A: There are 148 states included in the 2006 index, about twice the number that appeared in the 2005 index. A handful of countries were not included because of a lack of data. The Fund for Peace (FfP) is working to improve data collection and analysis, and its principal information provider, Thomson Dialog, is constantly adding additional sources.

Q: What methodology was used for the ratings?

A: The Fund for Peace used its Conflict Assessment System Tool (CAST), an original methodology it has developed and tested over the last decade. CAST is a flexible model that has the capability to employ a four-step trend-line analysis, consisting of (1) rating 12 social, economic, and political/military indicators; (2) assessing the capabilities of five core state institutions considered essential for sustaining security; (3) identifying idiosyncratic factors and surprises; and (4) placing countries on a conflict map that shows the risk history of countries being analyzed.

For the Failed States Index, FfP focused solely on the first step, which provides snapshots of state vulnerability or risk of violence during a window in time. The CAST software indexed and scanned tens of thousands of open-source articles and reports using Boolean logic. The data are electronically gathered using Thomson Dialog, a powerful data-collection system that includes international and local media reports and other public documents, including U.S. State Department reports, independent studies, and even corporate financial filings. The data used in each index are collected from May to December of the preceding year. The software calculates the number of positive and negative “hits” for the 12 indicators. Internal and external experts then review the scores as well as the articles themselves, when necessary, to confirm the scores and ensure accuracy.
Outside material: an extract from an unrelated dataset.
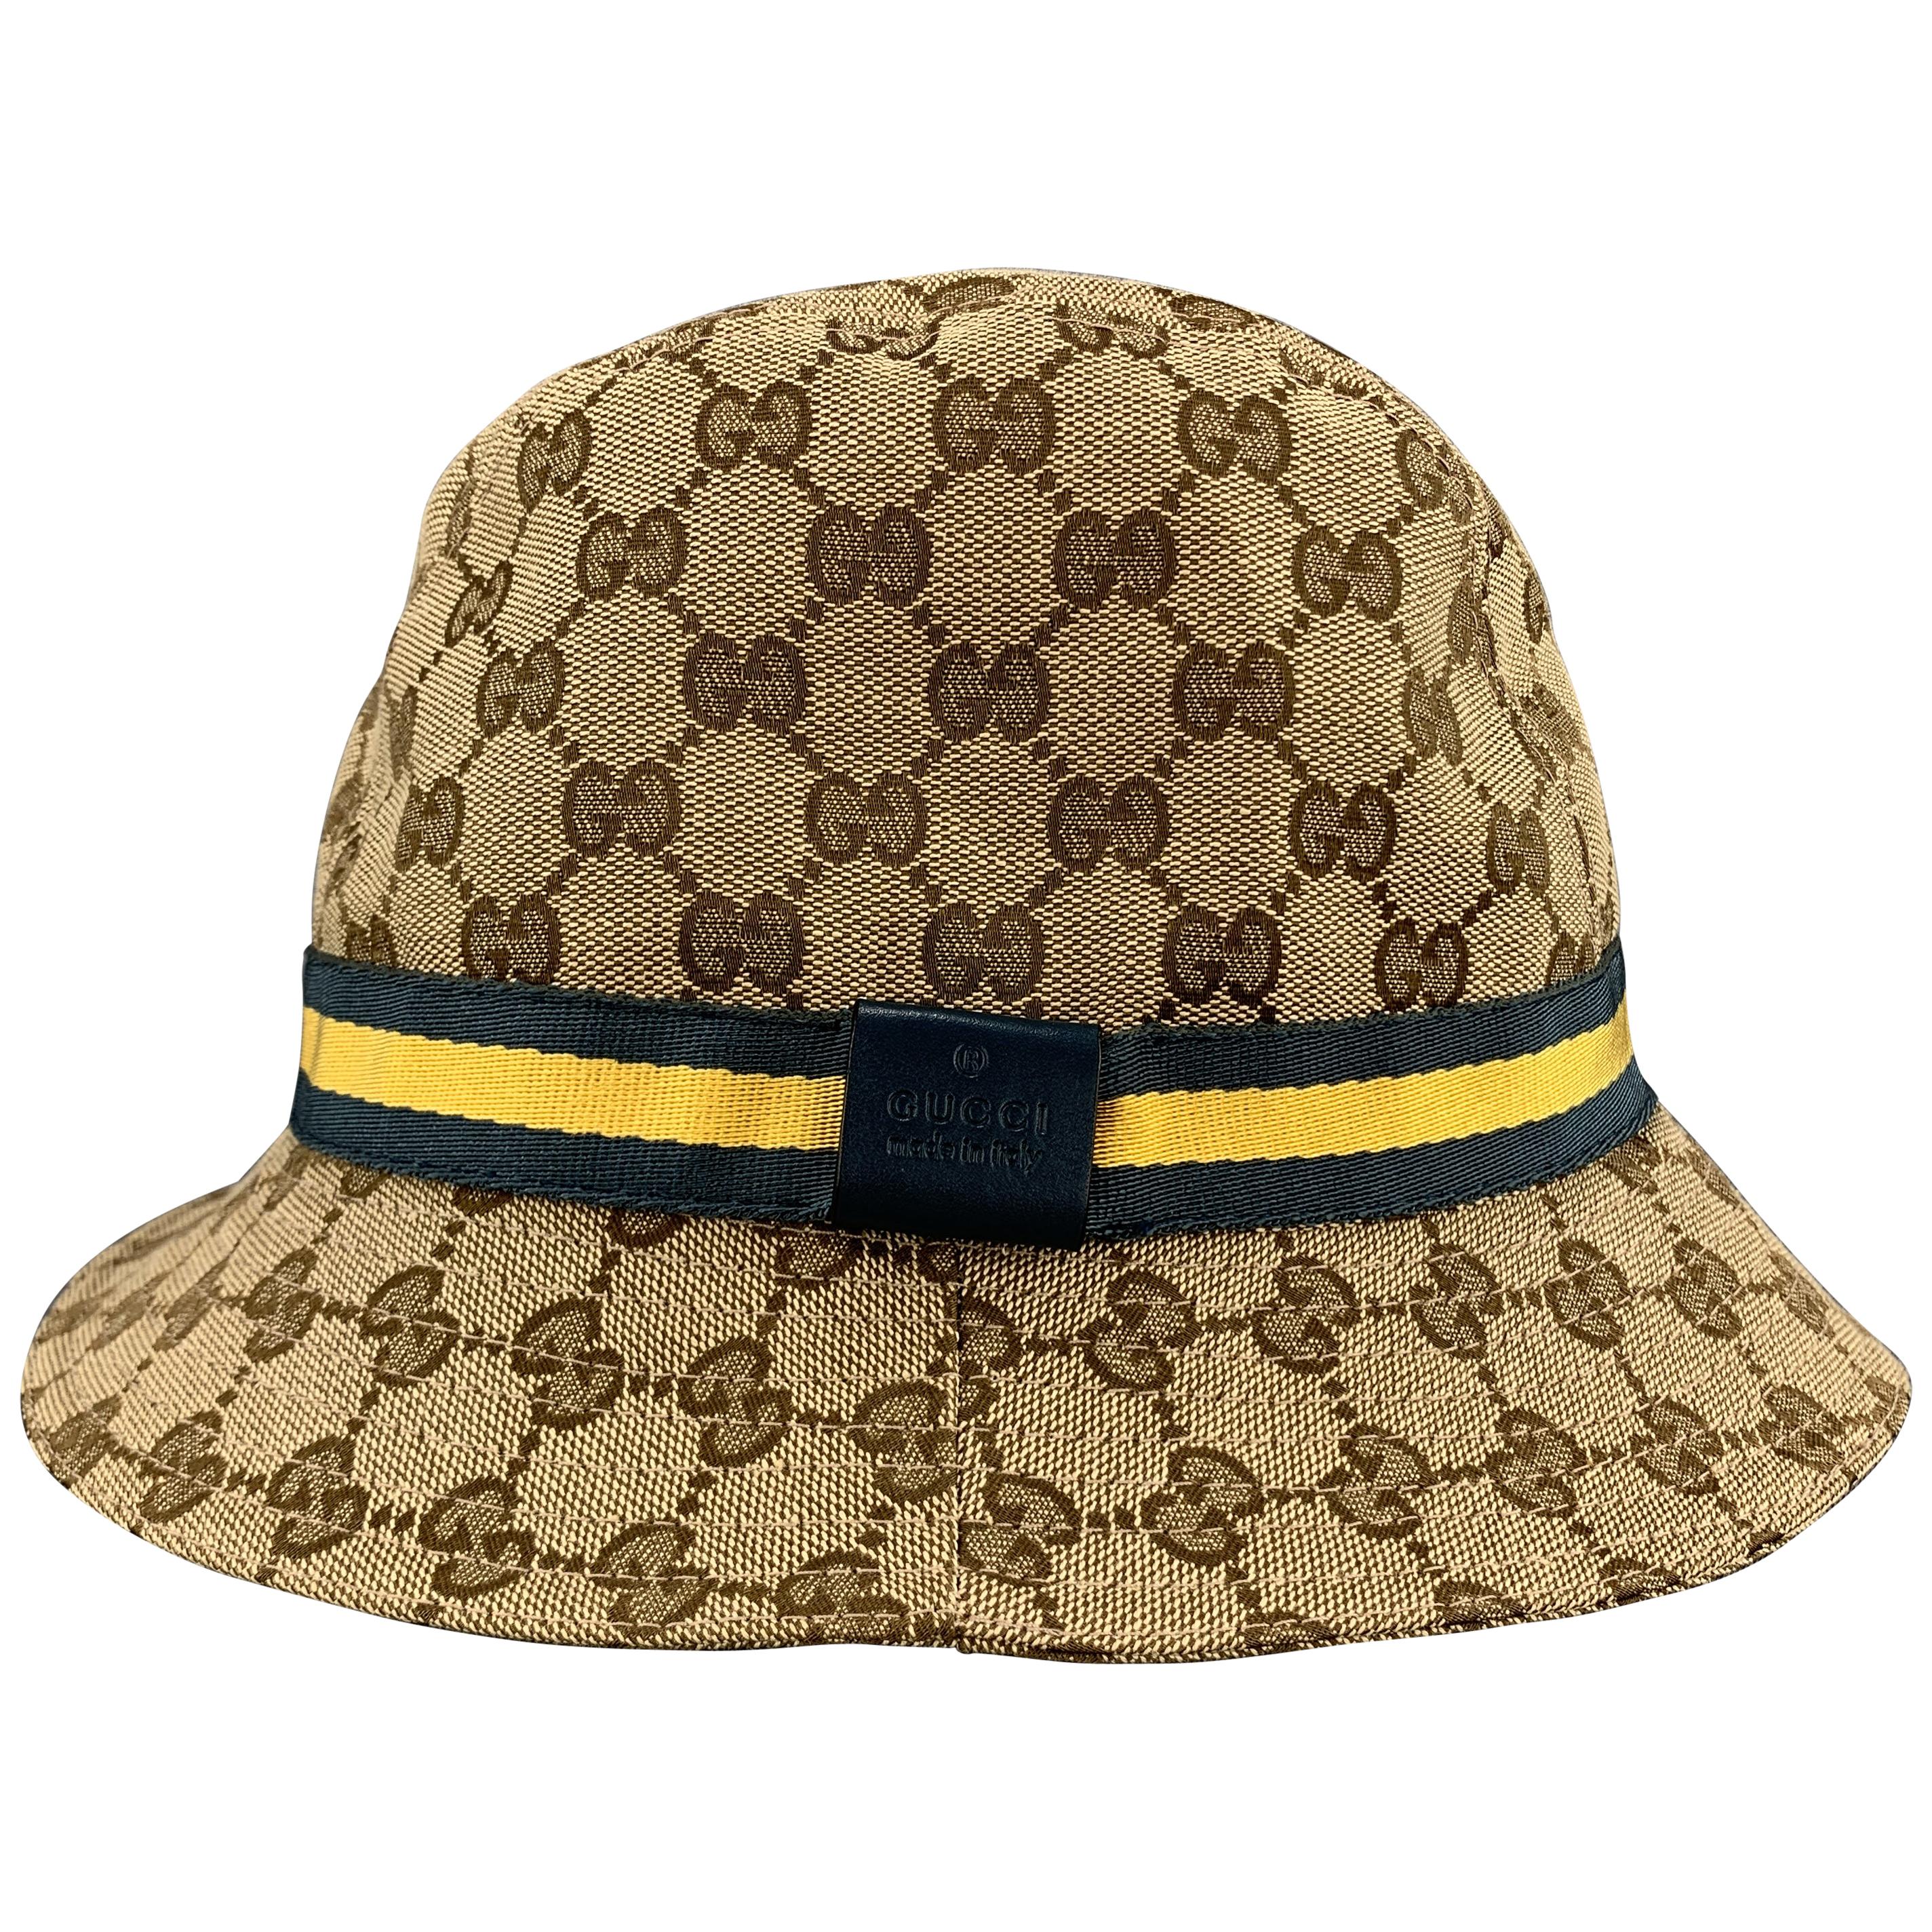 Gucci Bucket Hat - 6 For Sale on 1stDibs

Q: What are the 12 indicators of state vulnerability?

A: Click here to obtain a full list of the 12 indicators.

Q: What do the colors in the index and on the map signify?

A: The rank order of the states is based on the total scores of the 12 indicators. For each indicator, the ratings are placed on a scale of 0 to 10, with 0 being the lowest intensity (most stable) and 10 being the highest intensity (least stable). The total score is the sum of the 12 indicators and is on a scale of 0–120.

In the article, the 60 countries in the index are divided into three equal parts for easy reference: Critical (red), In Danger (orange), and Borderline (yellow). On the index’s global map, additional countries that ranked higher than 60 are colored yellow. Countries with scores between 30 and 59.9 are considered Stable (dark grey). Countries that have scores lower than 30 are categorized as Most Stable (light grey).
This coloring scheme differs slightly from the original FfP methodology, which it still employs in its reports, such as theIraq Reports and Country Profiles. FfP’s original methodology breaks the countries into four colored zones based on their aggregate scores. A country in the “Alert” zone has an aggregate score between 90 and 120. A country that is colored orange, the “Warning” zone, scores between 60 and 89.9. A country colored yellow, the “Monitoring” zone, has an aggregate score between 30 and 59.9. A country colored green, the “Sustainable” zone, has an aggregate score of 29.9 or less.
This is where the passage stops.